Every line below is to be copied exactly, with the pictures left out.

--- SOURCE DATA Enclosed Below ---

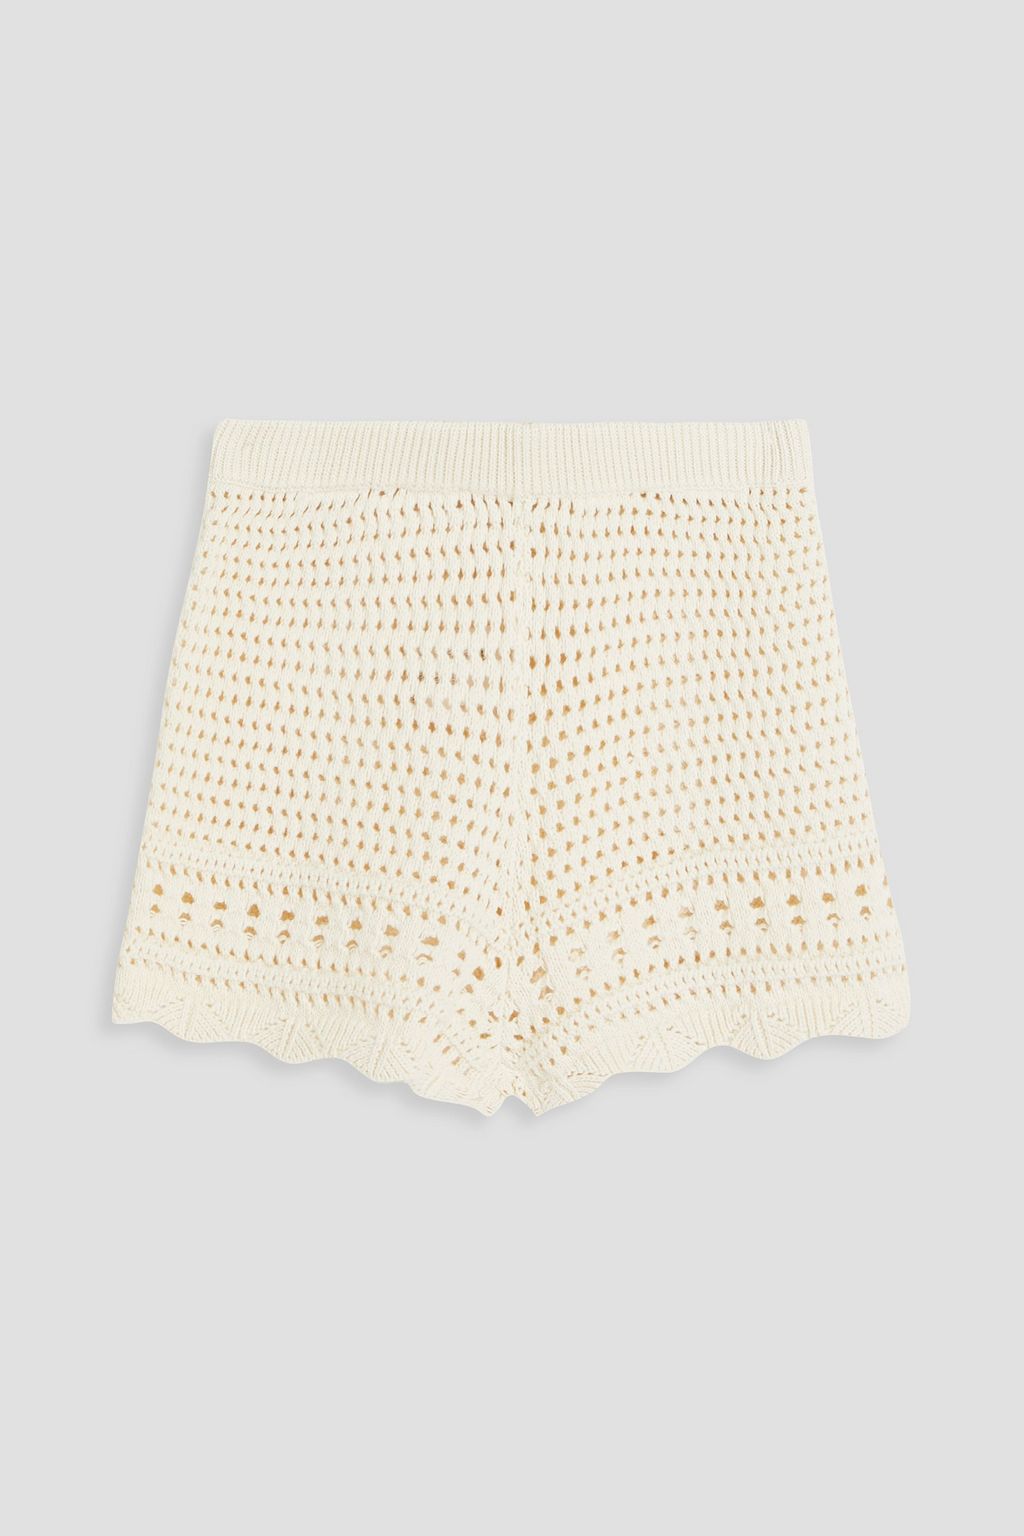 The Nolan Crocheted Cotton Shorts
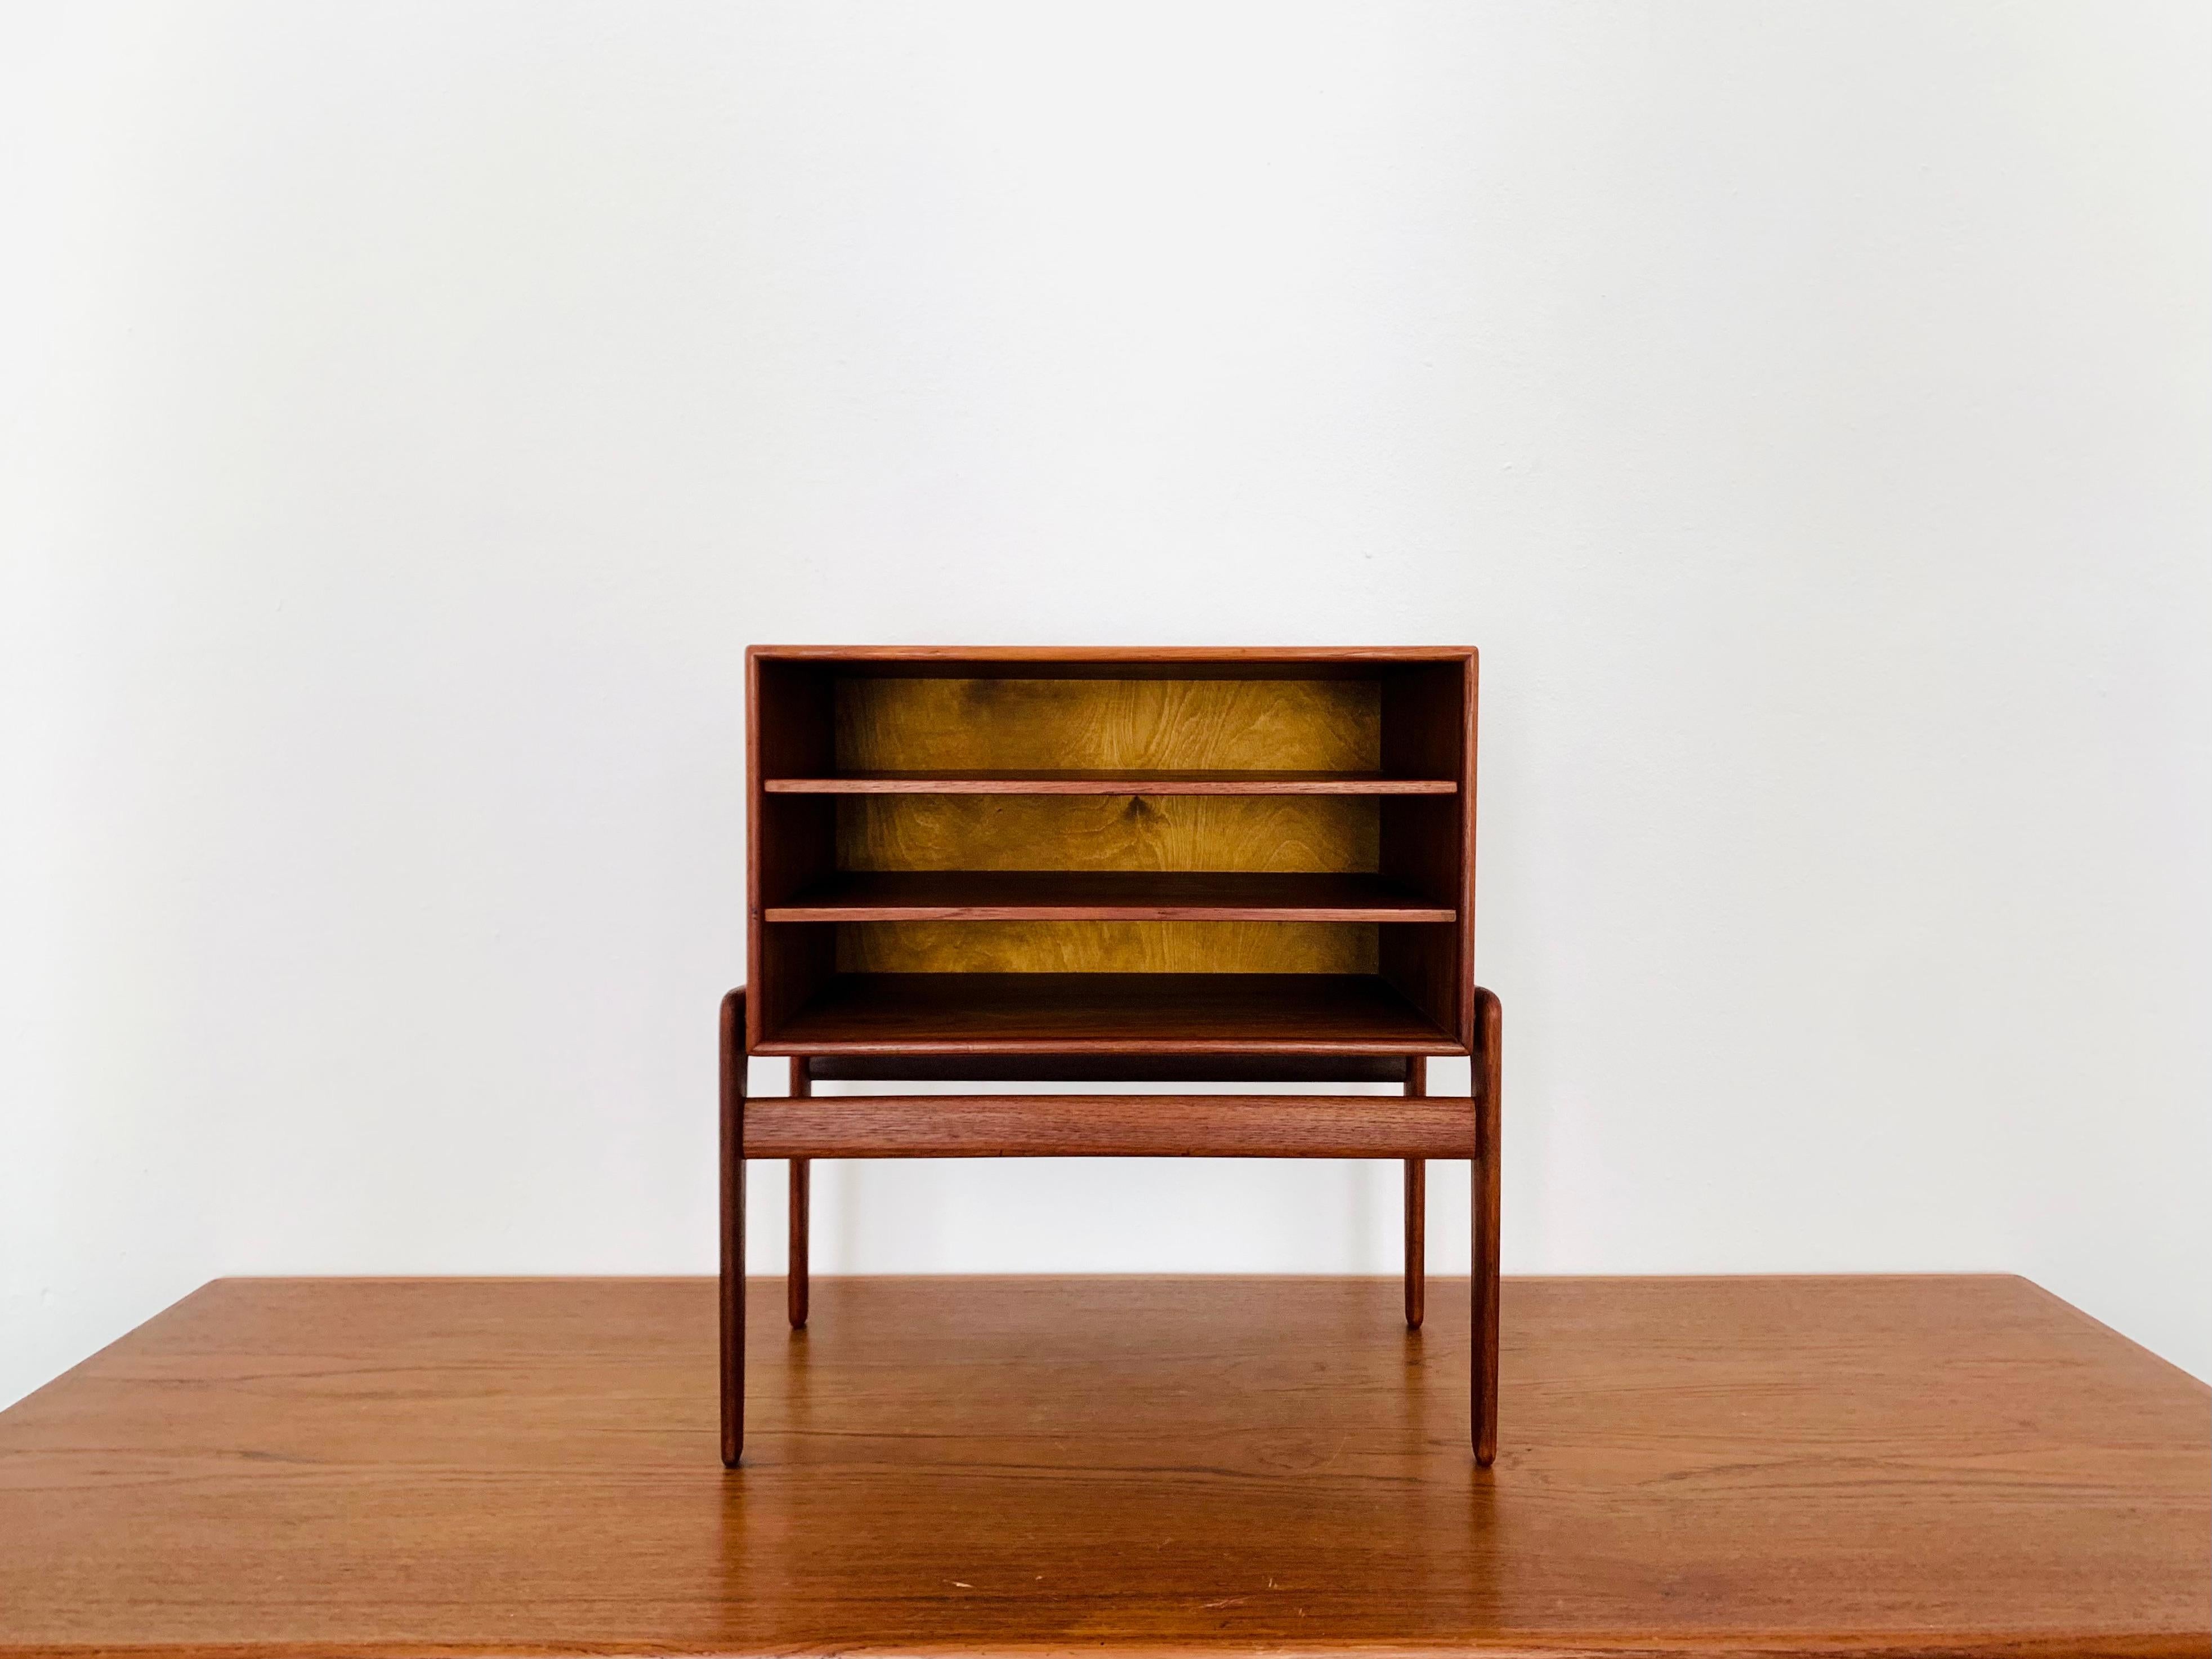 Exceptionnelle table de chevet danoise en teck des années 1960.
La qualité de fabrication et le design élégant font de ce petit meuble un véritable coup de cœur.
Une autre utilisation est bien sûr possible car ce meuble s'intègre à merveille dans

--- End of Enclosed SOURCE DATA ---

■ **ANSWER TO THIS EXERCISE**:
 The Nolan Crocheted Cotton Shorts
 Exceptionnelle table de chevet danoise en teck des années 1960.
La qualité de fabrication et le design élégant font de ce petit meuble un véritable coup de cœur.
Une autre utilisation est bien sûr possible car ce meuble s'intègre à merveille dans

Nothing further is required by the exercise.